Preferred IUPAC name
Other names
3D model (JSmol)
  • InChI=1S/C27H30N4O4/c1-30-15-4-16-31(18-17-30)21-11-7-19(8-12-21)27(34)29-25-23(5-3-6-24(25)32)28-26(33)20-9-13-22(35-2)14-10-20/h3,5-14,32H,4,15-18H2,1-2H3,(H,28,33)(H,29,34)
  • InChI=1/C27H30N4O4/c1-30-15-4-16-31(18-17-30)21-11-7-19(8-12-21)27(34)29-25-23(5-3-6-24(25)32)28-26(33)20-9-13-22(35-2)14-10-20/h3,5-14,32H,4,15-18H2,1-2H3,(H,28,33)(H,29,34)
  • O=C(c1ccc(OC)cc1)Nc2cccc(O)c2NC(=O)c4ccc(N3CCCN(C)CC3)cc4
Molar mass 474.561 g·mol−1
Except where otherwise noted, data are given for materials in their standard state (at 25 °C [77 °F], 100 kPa).

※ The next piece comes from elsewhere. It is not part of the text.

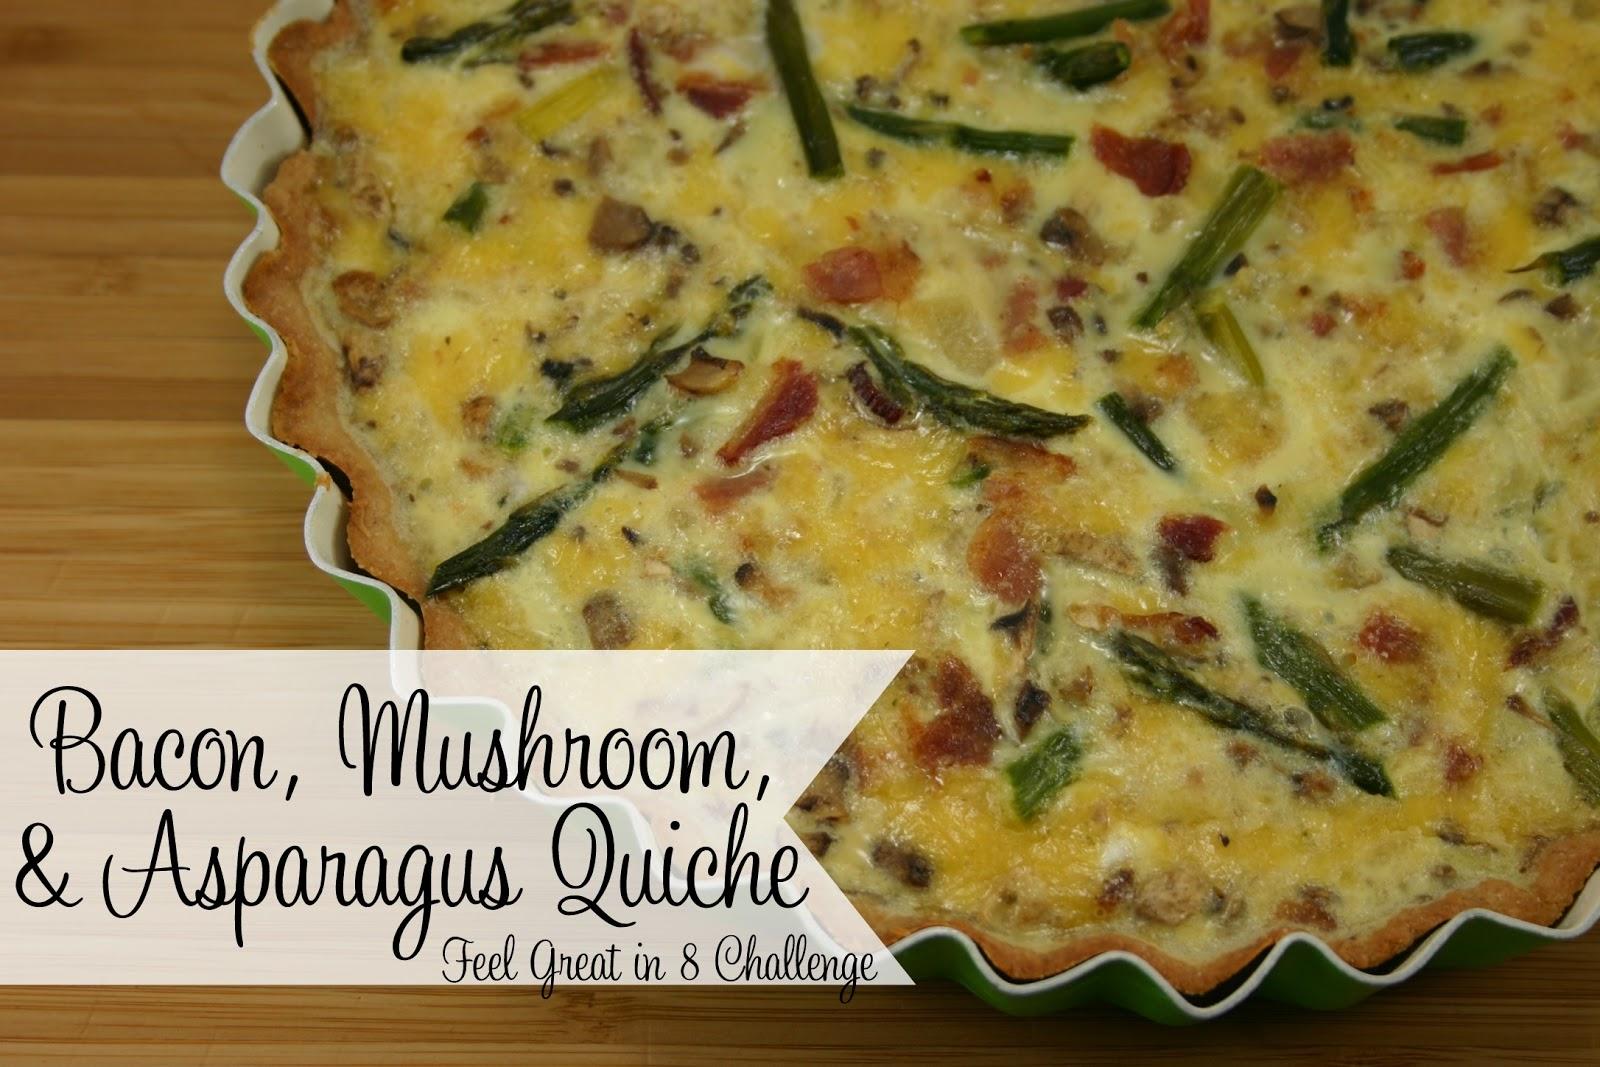 ... .blogspot.com/2013/04/bacon-mushroom-asparagus-quiche.html

Darexaban (YM150) is a direct inhibitor of factor Xa created by Astellas Pharma.[1] It is an experimental drug that acts as an anticoagulant and antithrombotic to prevent venous thromboembolism after a major orthopaedic surgery, stroke in patients with atrial fibrillation[2] and possibly ischemic events in acute coronary syndrome.[3] It is used in form of the maleate. The development of darexaban was discontinued in September 2011.

Clinical uses

Atrial fibrillation

Atrial fibrillation is an abnormal heart rhythm that causes a reduction in the cardiac output and blood flow to the brain. It also promotes the formation of blood clots in the atrial chambers of the heart.[4] Atrial fibrillation is associated with an increased risk of embolic stroke due to the increased risk of blood clot development.[5] Oral anticoagulant drugs such as Darexaban decrease the incidence and severity of stroke in patients with atrial fibrillation by preventing the formation of blood clots.[6]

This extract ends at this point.